== DATA FOR REVIEW ==
########################################

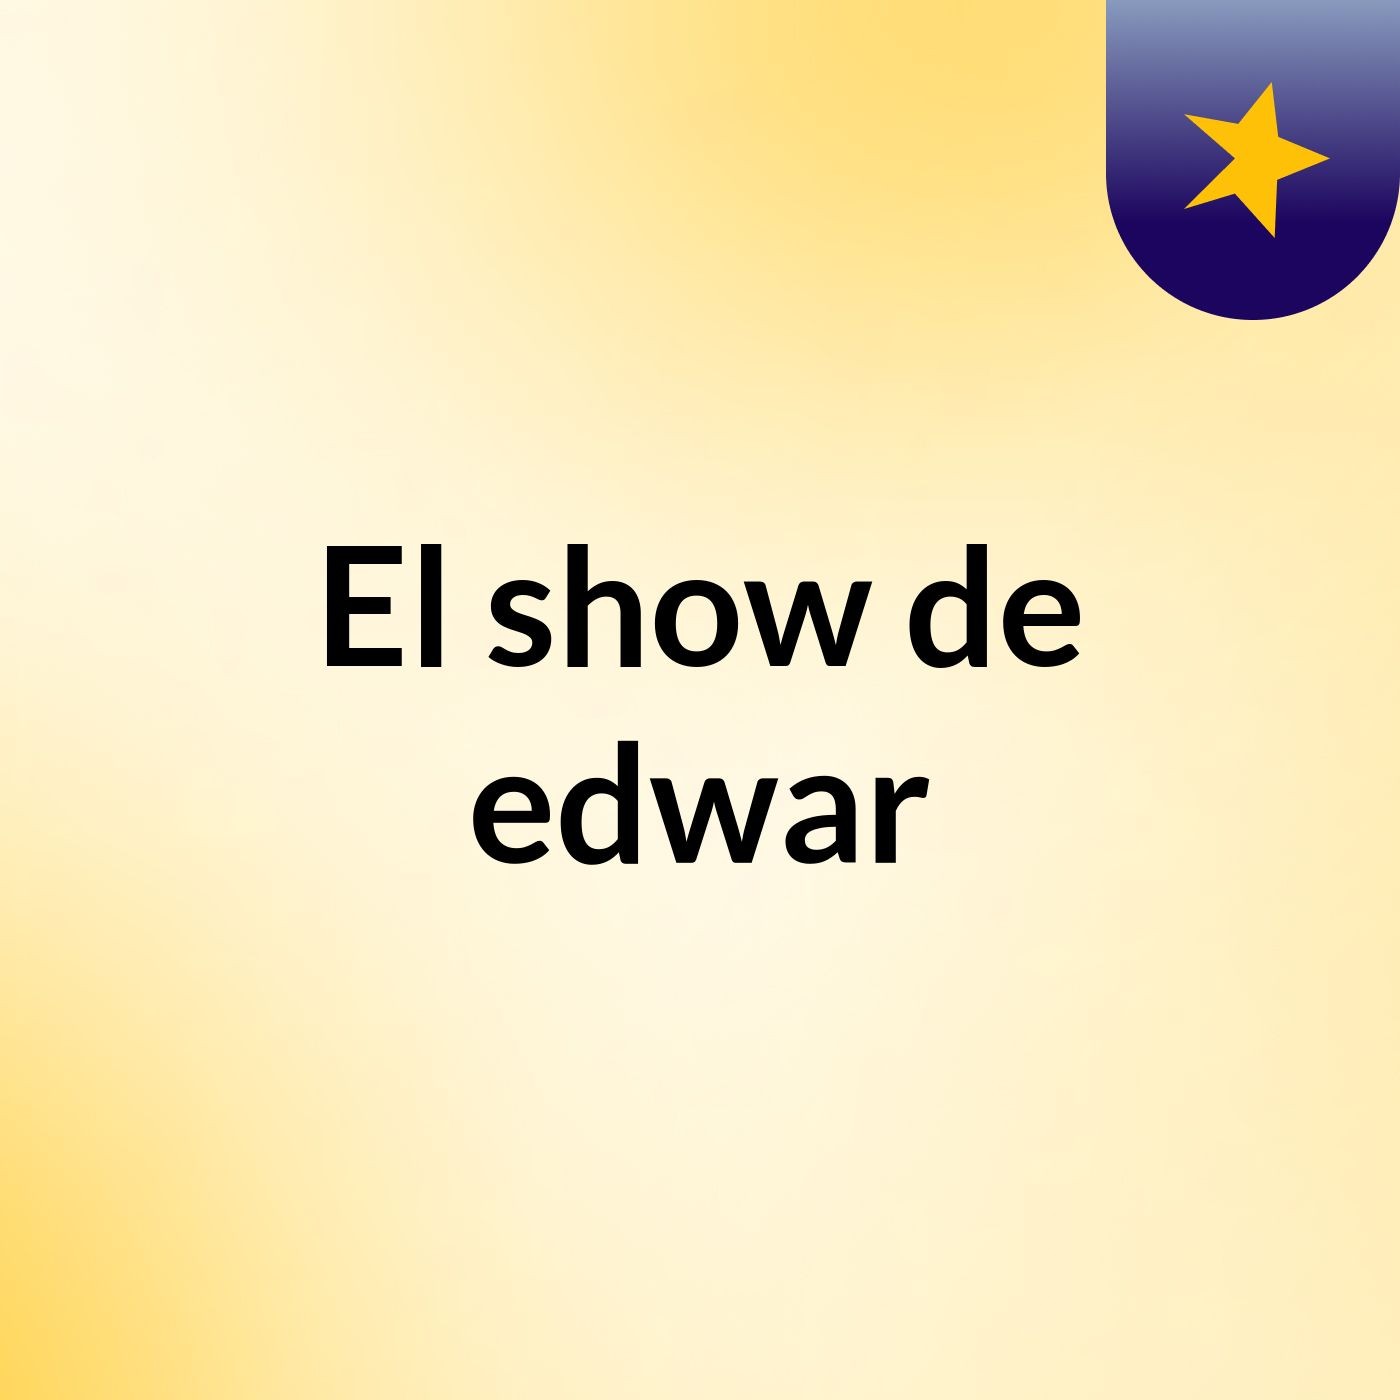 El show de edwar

########################################

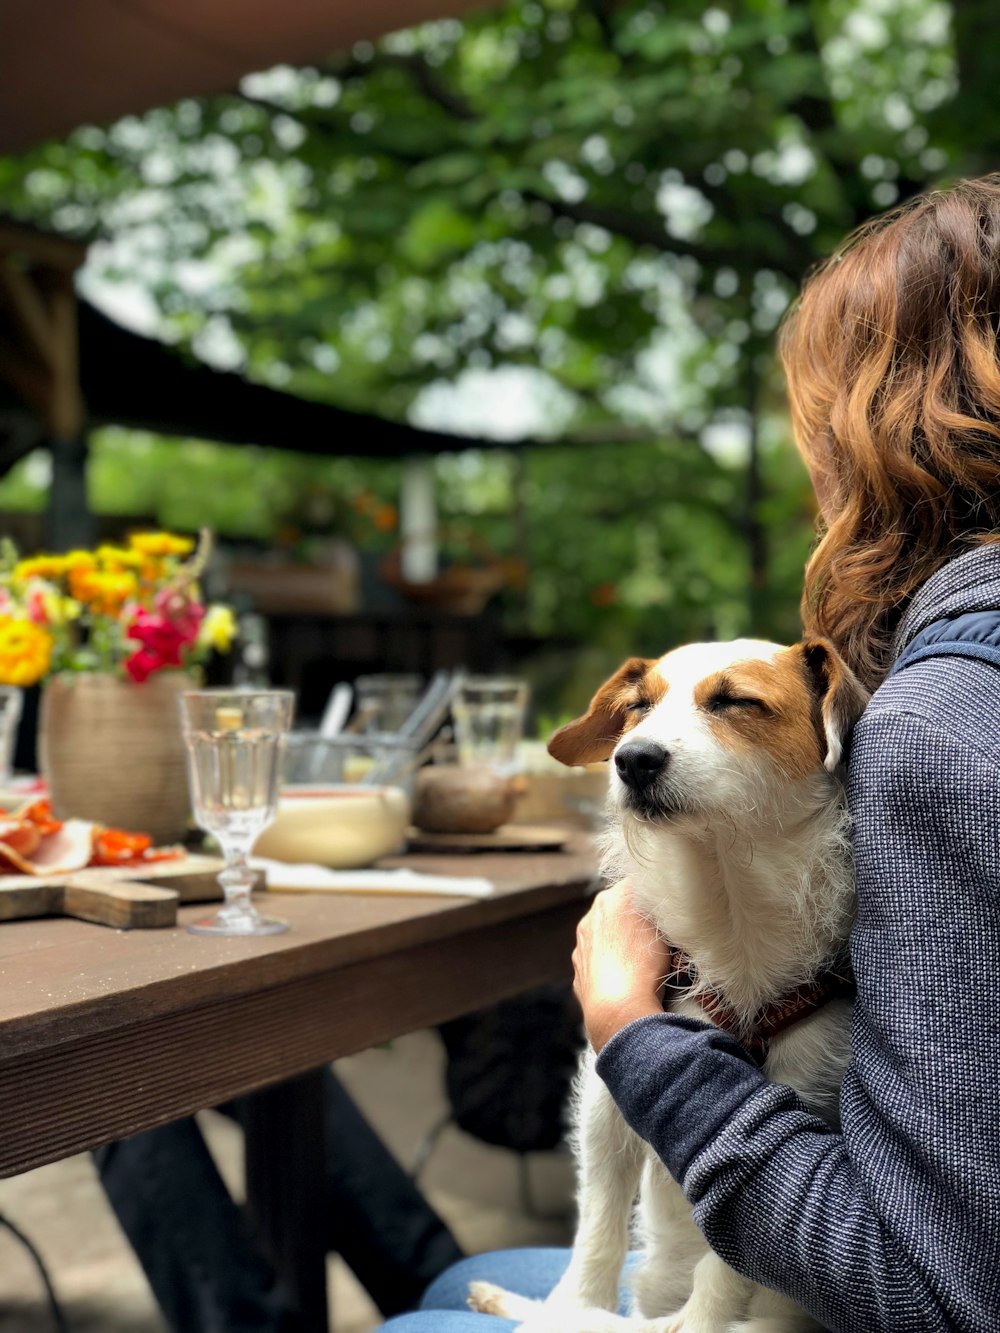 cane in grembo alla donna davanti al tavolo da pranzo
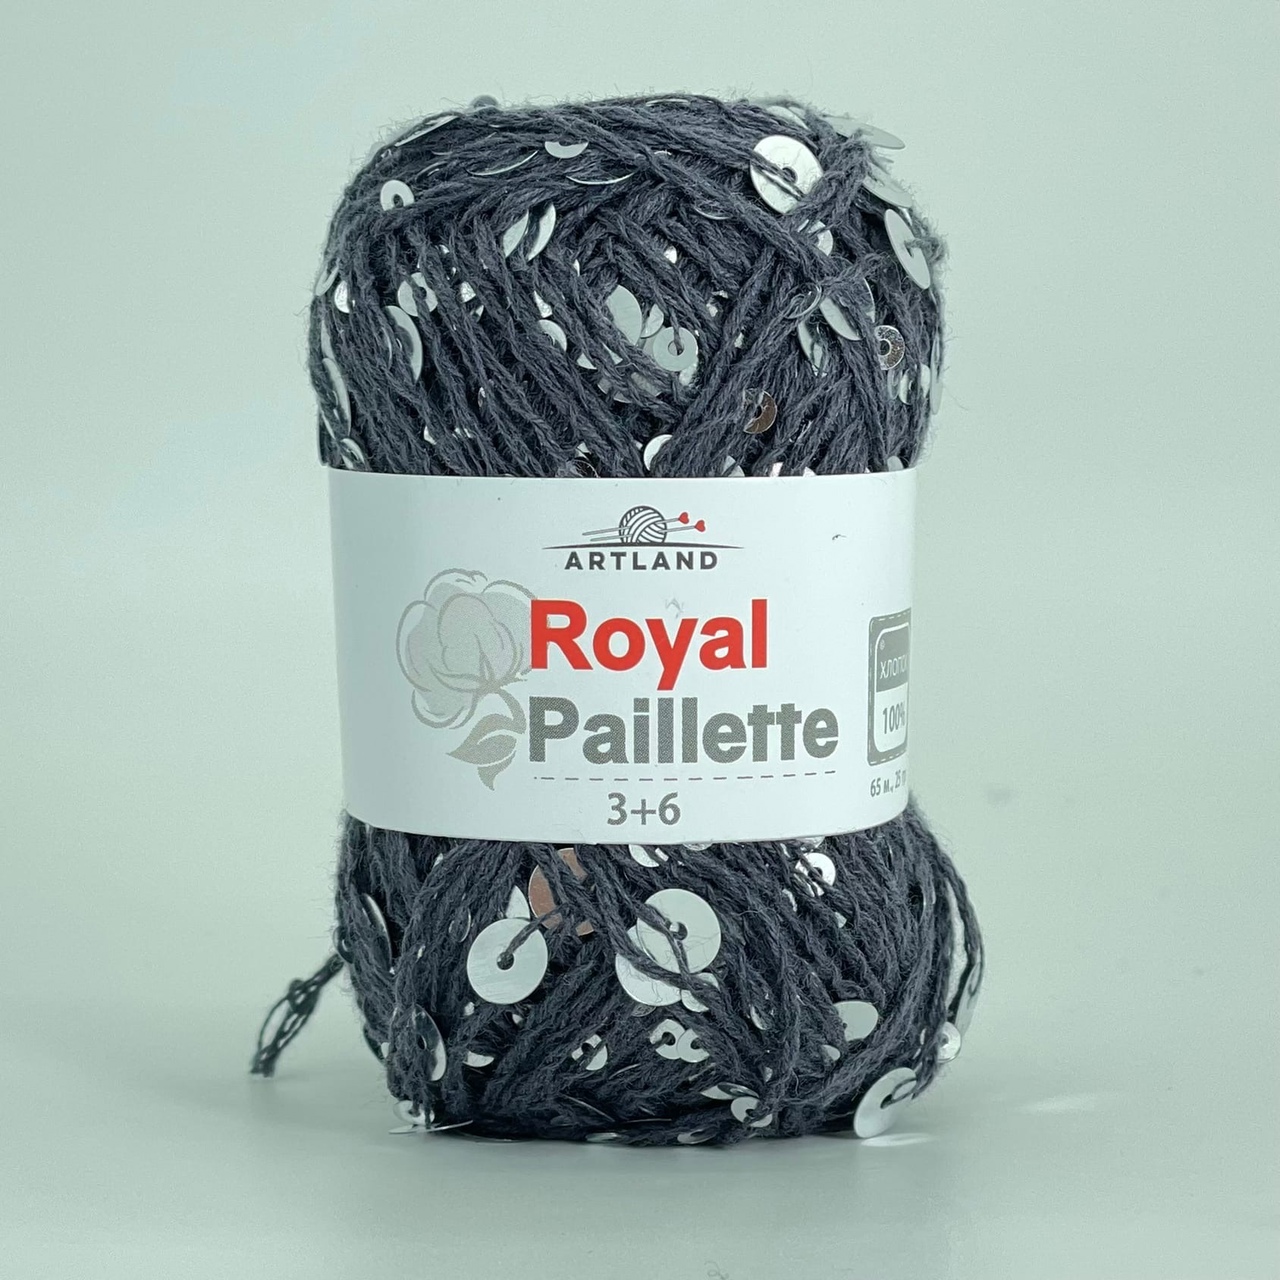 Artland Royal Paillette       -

########################################

== EXERCISE ==
Both boundary lines included, write out word for word only the lines above from the one containing "cane in grembo" to the one containing "Artland Royal Paillette", leaving out any pictures.

== ANSWER SECTION ==
 cane in grembo alla donna davanti al tavolo da pranzo
 Artland Royal Paillette       -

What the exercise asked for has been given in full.